CSE 291: Seminar on Vision and Learning

Project Reports

November 2001

Sameer Agarwal, On the non-optimality of four color coding of Image partitions.

Abstract: Object based image decomposition and compression is an area of active research. For image and video compression we are witnessing a move from purely transform based coding to methods to methods which decompose the image into multiple layers/ objects and compress each of them separately exploiting layer specific properties to get better better distortion rates as well as achieving better overall compression ratios. For documents we now have an ITU standard for Multiple Raster Content (MRC). The DjVu system is an implementation of this standard. The DjVu systems treats the documents as made up of three layers corresponding to color, background, and text. For each of these layers it uses layer specific algorithms. Similarly the MPEG-4 standard for video compression specifically focuses on identifying objects across frames and compressing in different streams. Segmentation based image compression requires the following two components for successful compression. 1. Robust image segmentation methods. 2. Compression algorithms which can be used based on the content in a particular segment. A number of robust image segmentation have become available over the past few years, and in what follows we will assume that a ``good'' partitioning of the image into coherent connected segments is available. We consider the image to be composed of multiple layers, each layer made up of texture corresponding to one of the layers. One way of compressing the image would be to compress each of the segments individually, which includes both the texture and the shape information for the segment. Another option is to only encode texture information in the segment layers, and use an additional layer for storing the image partition information. We call this the image partition layer. In this paper we will address the issue of effective compression of the partition layer.
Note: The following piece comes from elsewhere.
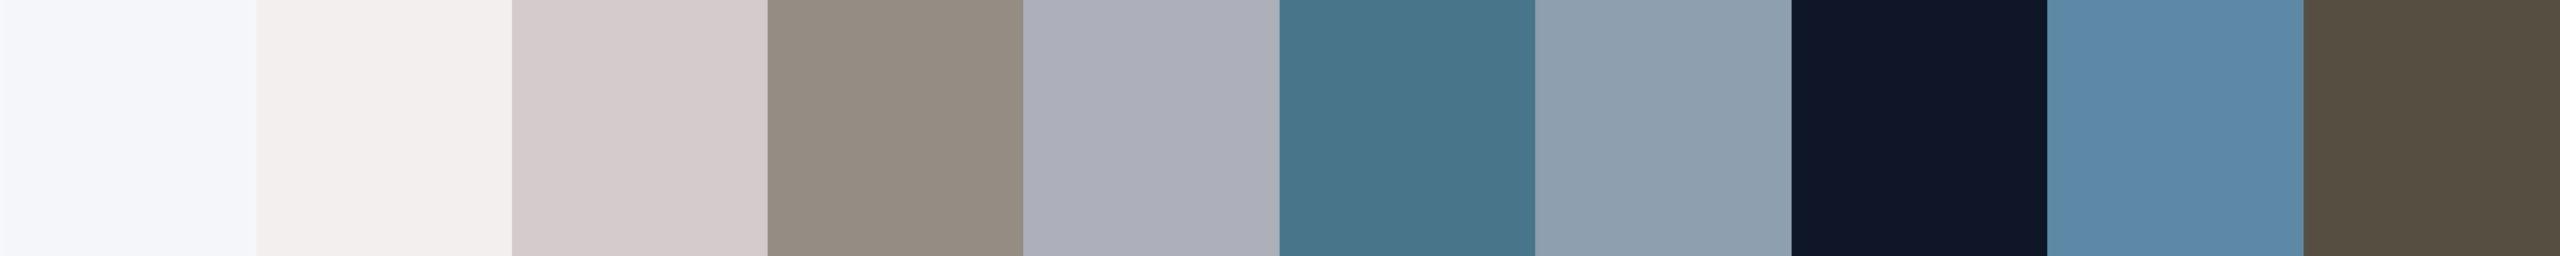 3 Chronia Color Palette

Andrew Cosand, Adaptive Multispectral Difference Weighting.

Abstract: This project attempts to develop a robust and reliable method for fusing hue and intensity difference information for shadow-invariant difference detection. While hue information is standardly used because it is insensitive to shadows, it may fail on pixels which are nearly gray as their hues cannot be determined reliably. A log-scaled distance between each pixel and the gray line in RGB color space is used a measure of how strongly colored the pixel is. Using information about how the algorithm performs on a training set, weighting functions are generated which fuses hue and intensity difference information as a function of this log-scaled distance. The weighting function currently generated is observably better in some regards than both the hue and saturation differences, but it has yet to combine the better performance characteristics of each without any of the poor performance characteristics. Although the original goal was to fit simple curves to these weighting functions and adaptively adjust the curve parameters, that has not yet been accomplished.
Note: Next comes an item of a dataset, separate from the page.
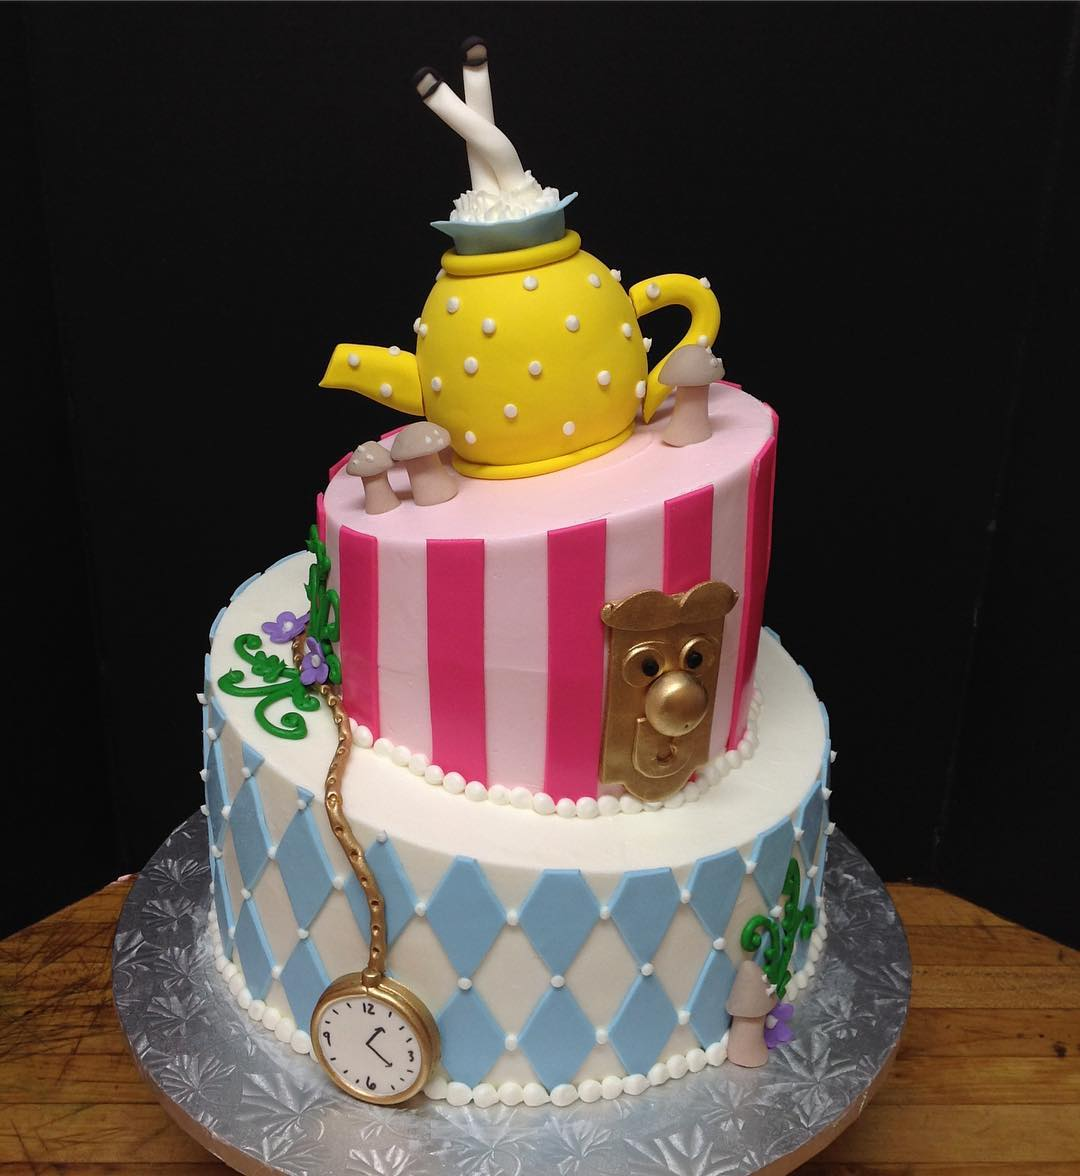 #cakesofinstagram #cakestagram #aliceinwonderland

Gyozo Gidofalvi, Recognizing hand-drawn images using shape context.

Abstract: The objective of this paper is twofold: to gather real world samples for a subset of the standardized set of 260 line drawings introduced by Snodgrass and Vanderwart [4] and to test the performance of the representative shape context method for rapid retrieval of similar shapes introduced by Mori et al. [1]. To experiment with the expressive power of the shape context at different location in the image, we introduce a modification to the representative shape context method, which draws representatives from a distribution based on the pixel density of the image in a given area. Furthermore, we test the performance of the representative shape context method for detection of these objects when embedded in an arbitrary environment. We find that the performance of the representative shape context method is slightly worse on hand-drawn images than on synthetic data presented in [1]. We also find that the density based sampling methods perform worse than the original method. Finally, we find that the representative shape context in its original form is highly affected by the presence of clutter and is not appropriate to recognize objects when embedded in an environment. However, results suggest that a sampling method that incorporates both spatial considerations and density measures may improve query performance for embedded objects.
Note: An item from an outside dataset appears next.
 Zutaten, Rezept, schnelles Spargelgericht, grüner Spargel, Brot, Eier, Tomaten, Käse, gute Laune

David Kauchak, Audio Meets Image Retreival Techniques.

Abstract: In this paper we examine the problem of audio retrieval. We make a number of key contributions to this field. First, we examine artist recognition/retrieval as a problem instead of the traditional genre classification. This problem has the motivating benefit that there is a known, uncontraversial ground truth. Second, and more importantly, we suggest borrowing research from the image retrieval community. We provide results from one image retrieval technique ported over to audio retrieval. This technique consits of taking the discrete wavelet transform of the audio, histogramming the results and using statistical histogram comparison metrics to compare similarity. The results are not outstanding, but we do show that this sort of research can be done fairly easily and productively.

Most recently updated on Dec. 9, 2001 by Serge Belongie.